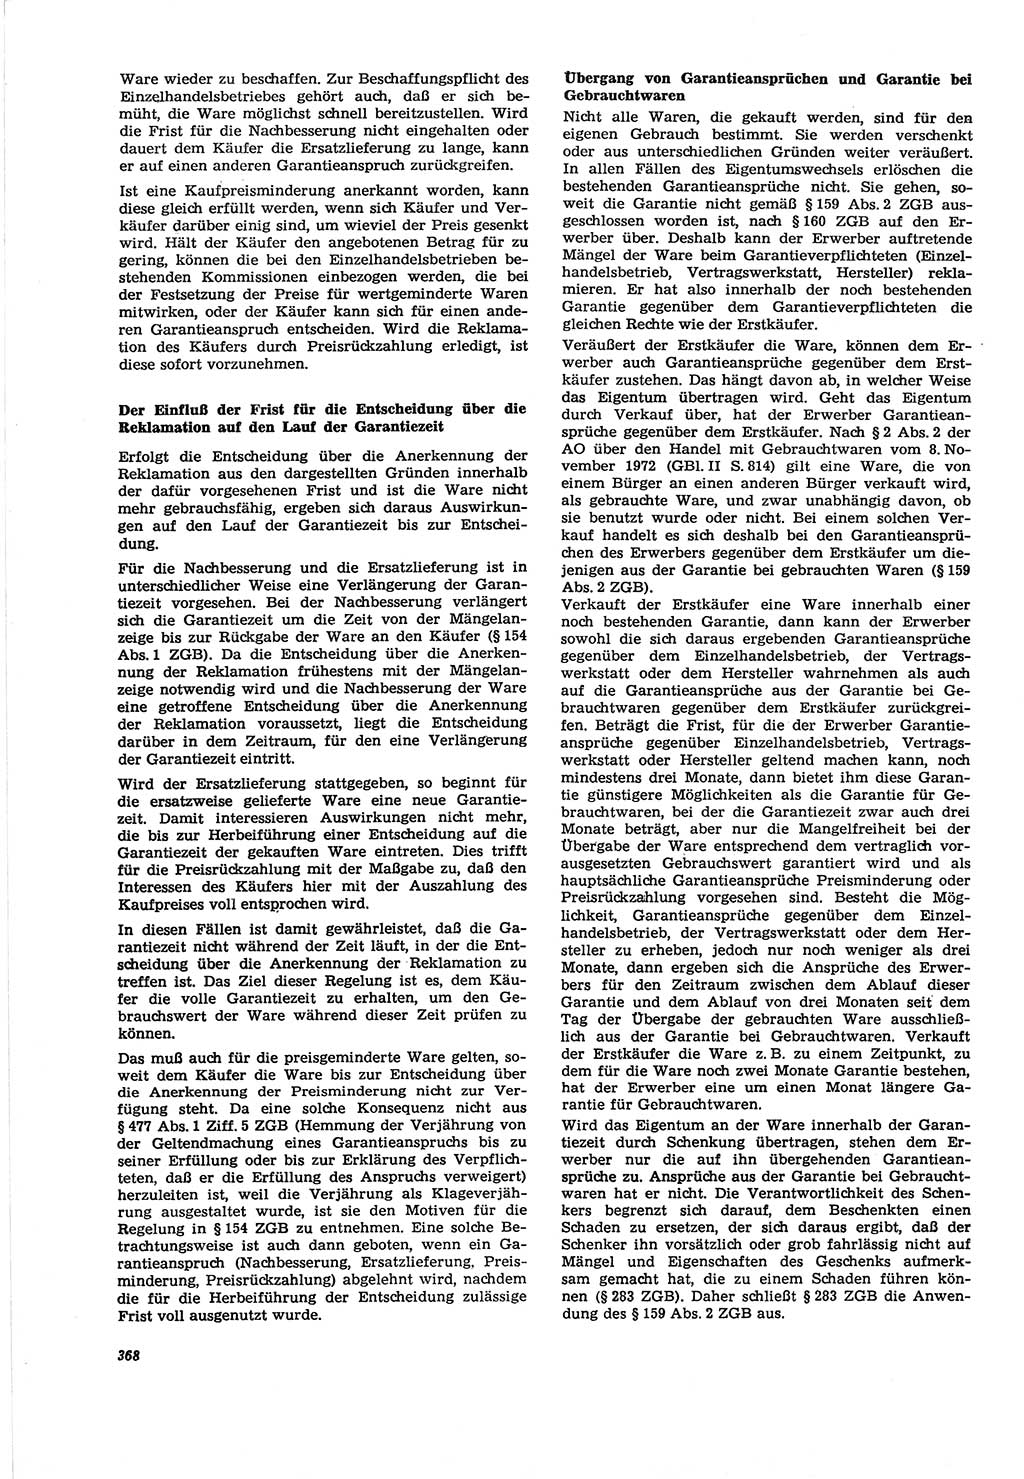 Neue Justiz (NJ), Zeitschrift für Recht und Rechtswissenschaft [Deutsche Demokratische Republik (DDR)], 30. Jahrgang 1976, Seite 368 (NJ DDR 1976, S. 368)
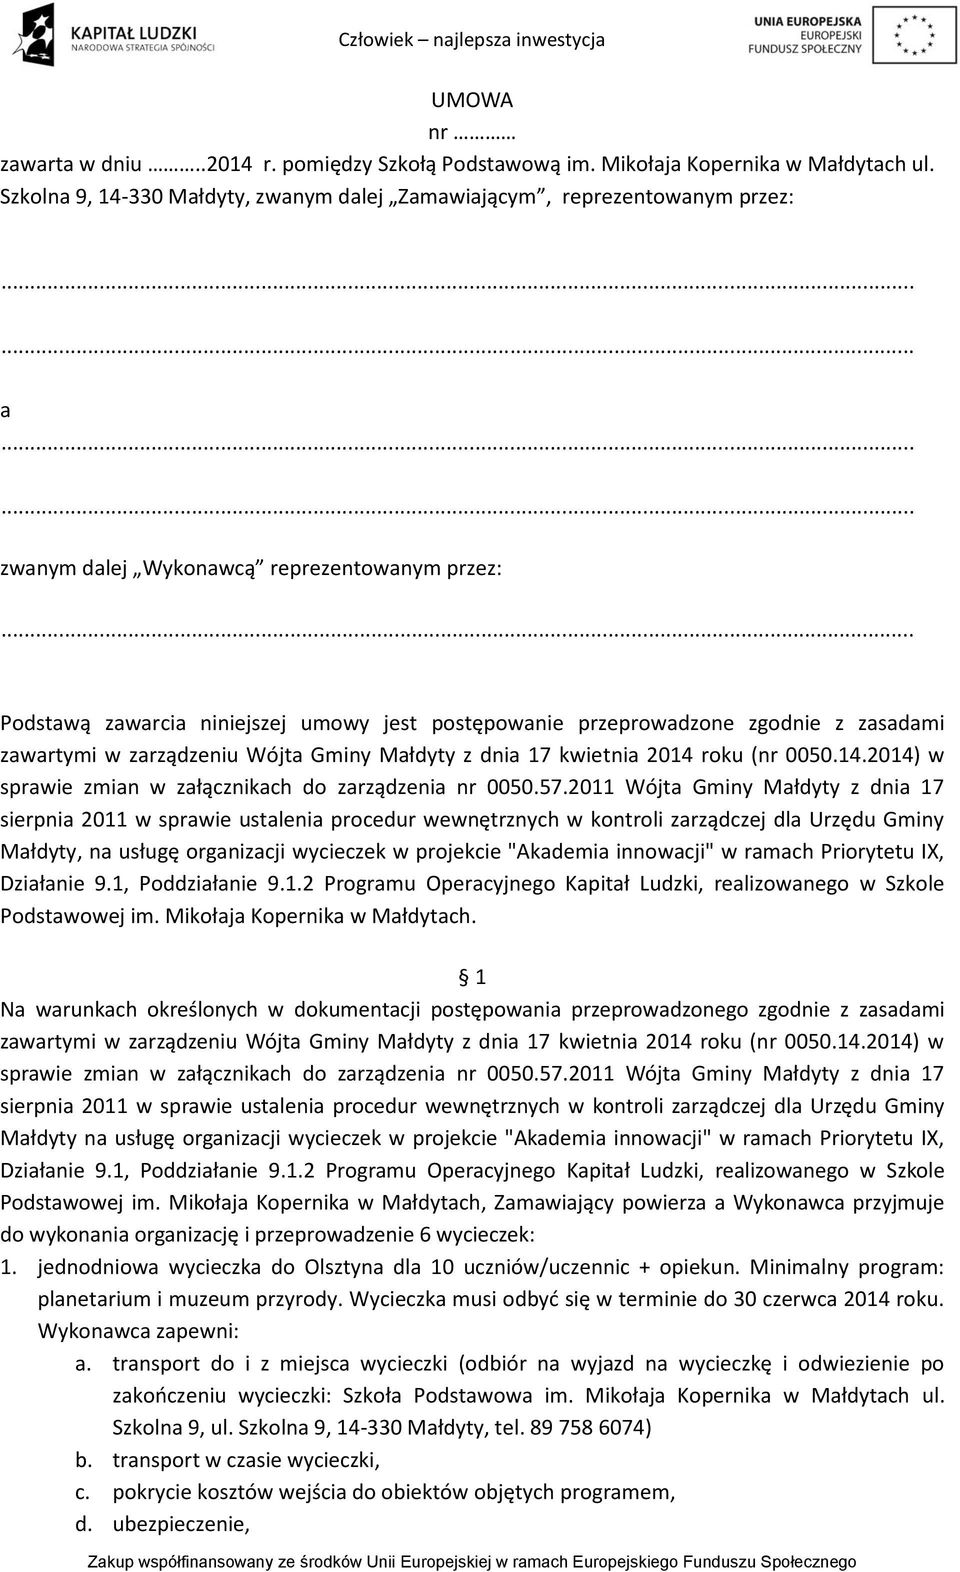 zgodnie z zasadami zawartymi w zarządzeniu Wójta Gminy Małdyty z dnia 17 kwietnia 2014 roku (nr 0050.14.2014) w sprawie zmian w załącznikach do zarządzenia nr 0050.57.
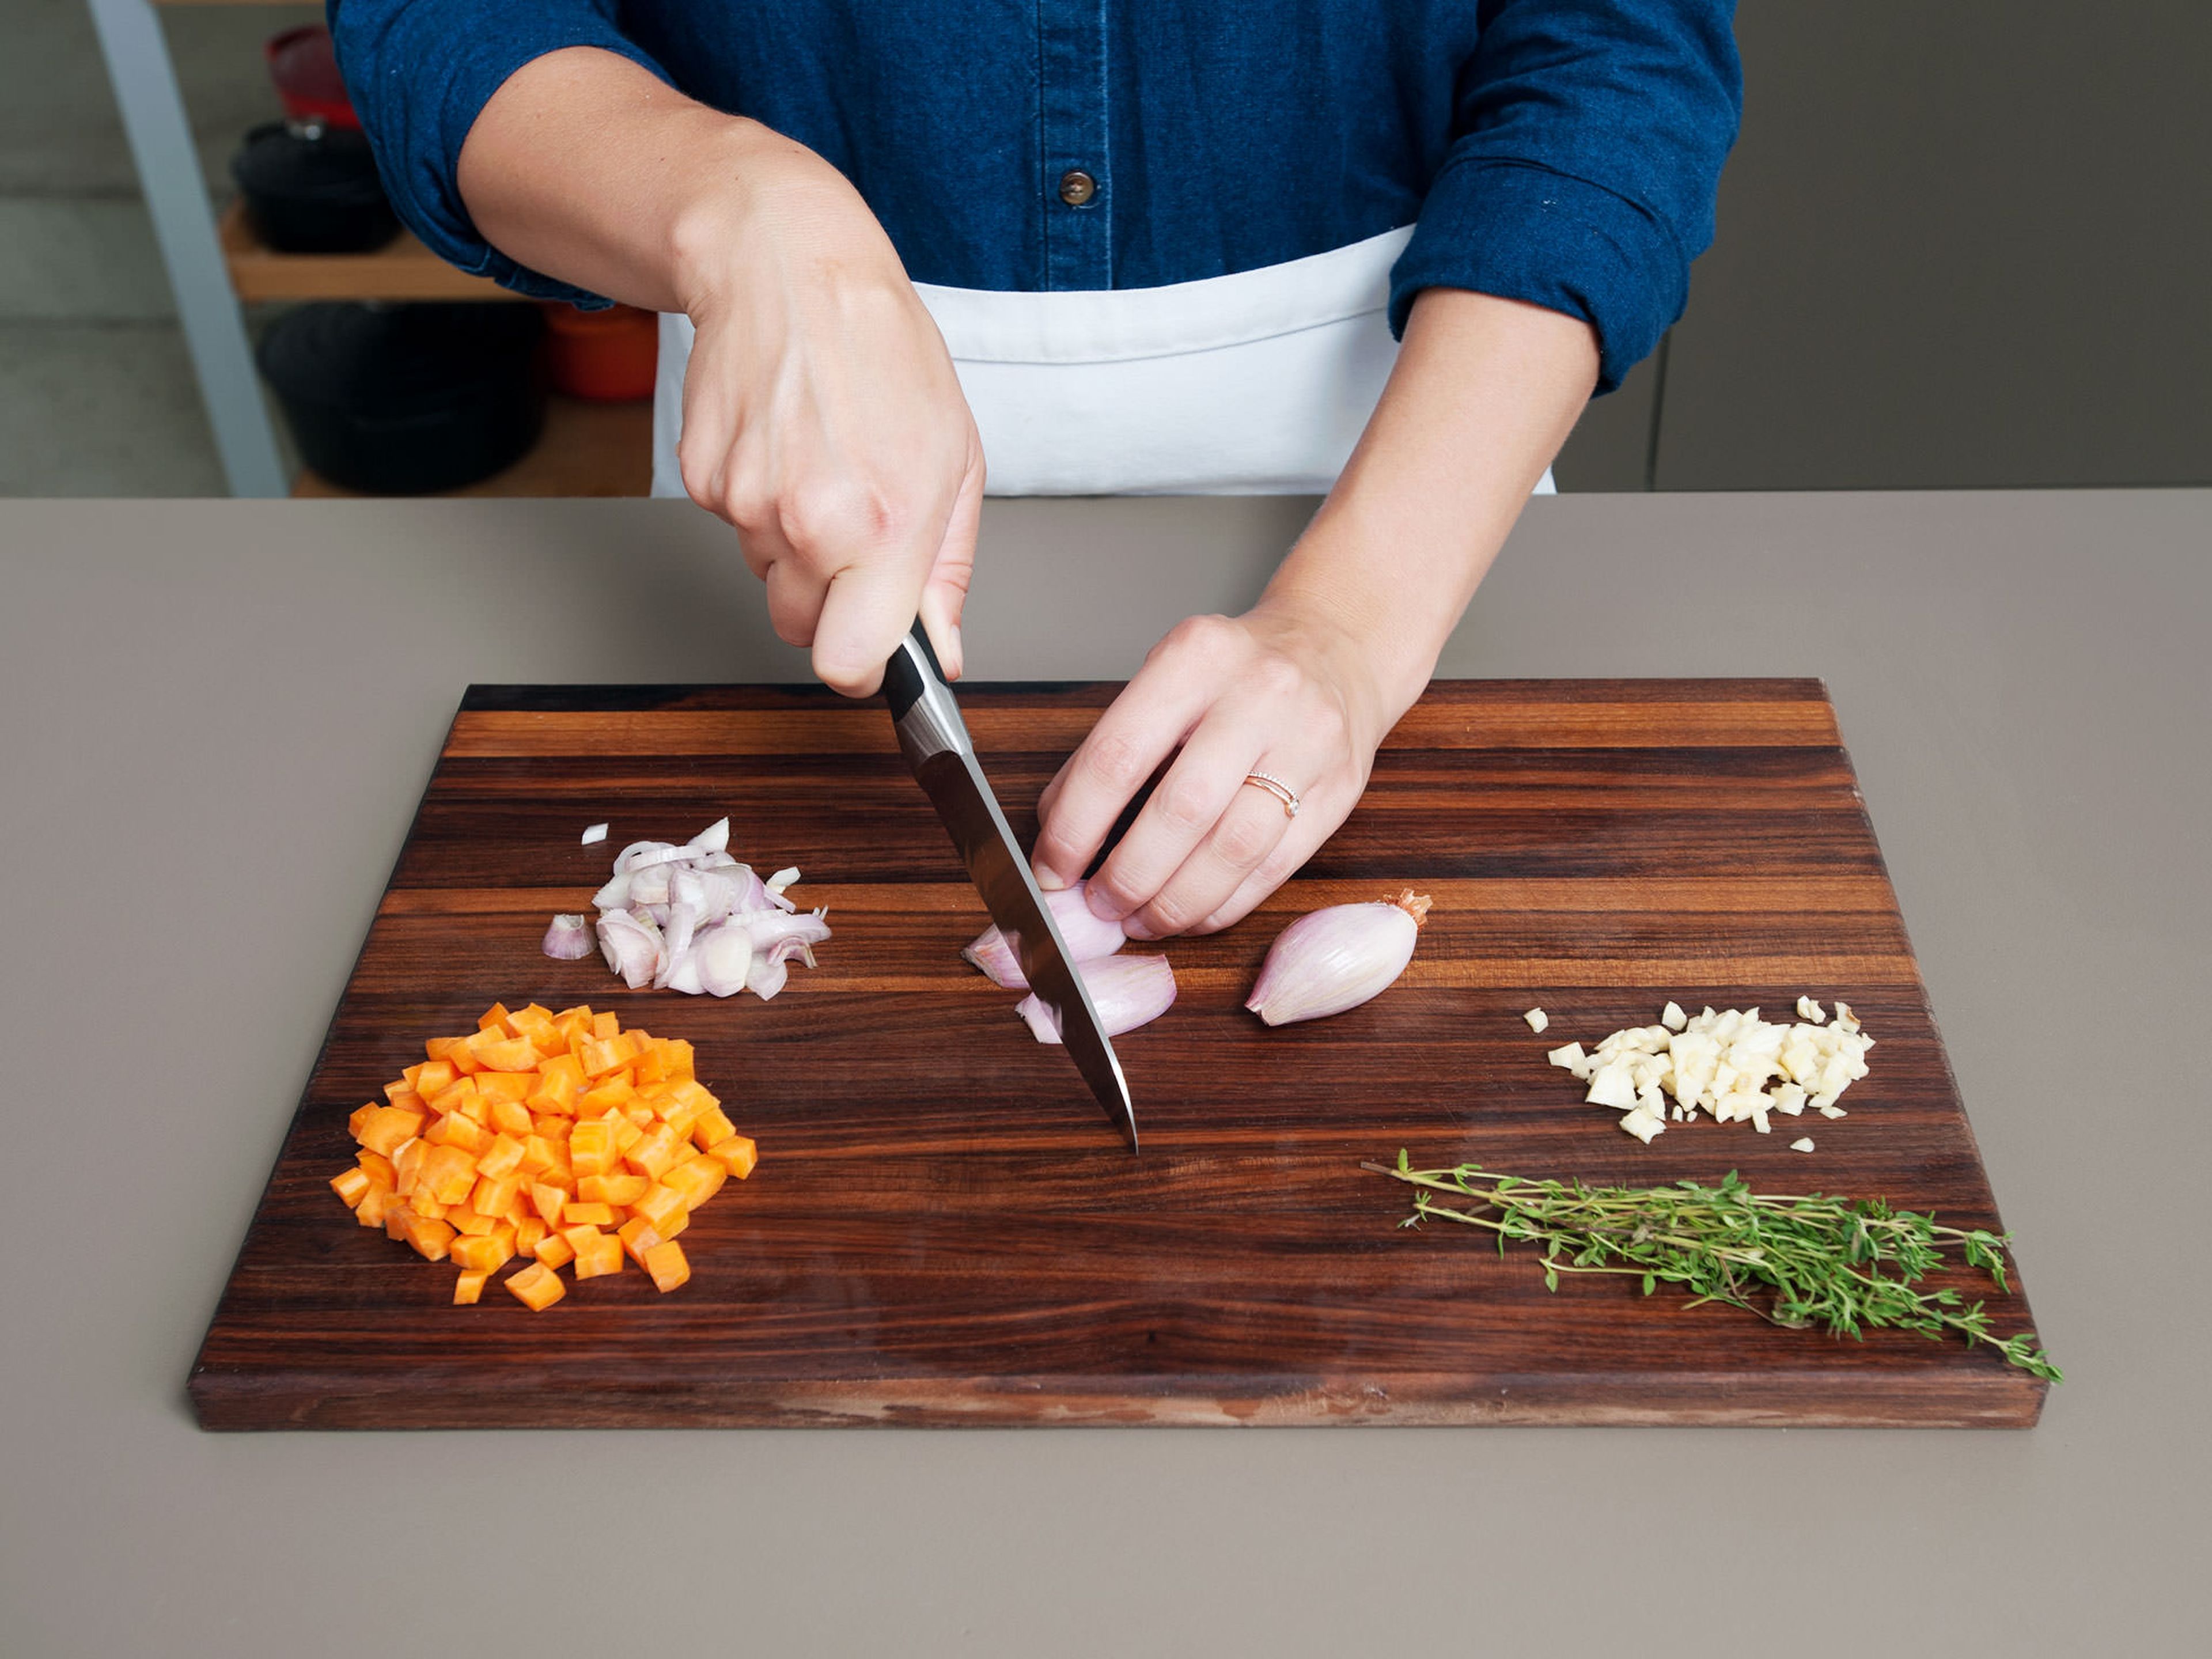 Karotte in kleine Würfel schneiden, Knoblauch hacken und Schalotten in feine Scheiben schneiden.
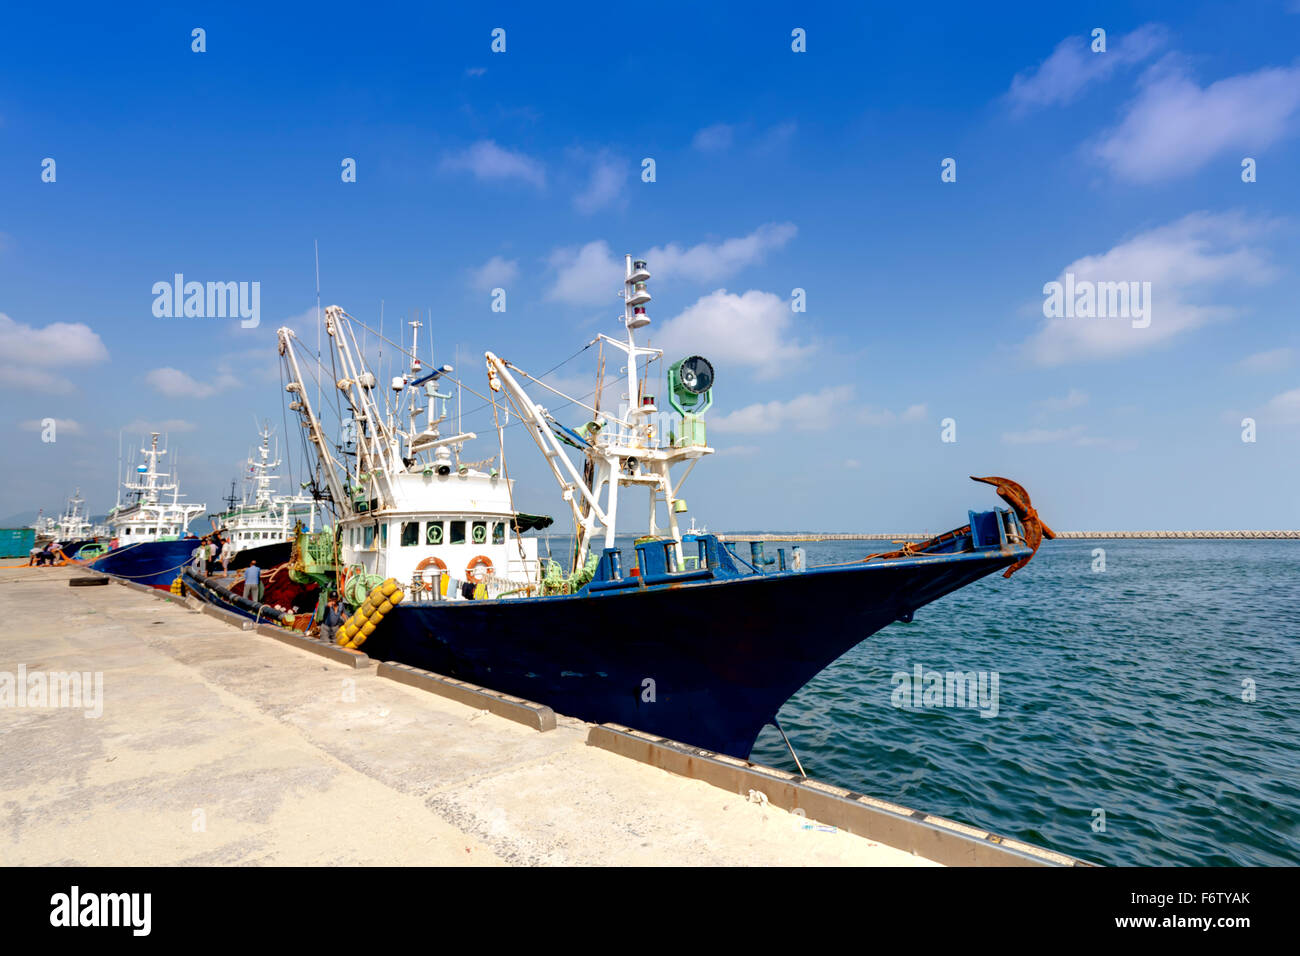 fishing boats docked at harbor Stock Photo

● **Work instructions**
Give the data above again in full and unchanged, skipping the pictures.

● **Result of this exercise**
 Neue Justiz (NJ), Zeitschrift für Recht und Rechtswissenschaft [Deutsche Demokratische Republik (DDR)], 30. Jahrgang 1976, Seite 368 (NJ DDR 1976, S. 368)
 zgodnie z zasadami zawartymi w zarządzeniu Wójta Gminy Małdyty z dnia 17 kwietnia 2014 roku (nr 0050.14.2014) w sprawie zmian w załącznikach do zarządzenia nr 0050.57.
 Karotte in kleine Würfel schneiden, Knoblauch hacken und Schalotten in feine Scheiben schneiden.
 fishing boats docked at harbor Stock Photo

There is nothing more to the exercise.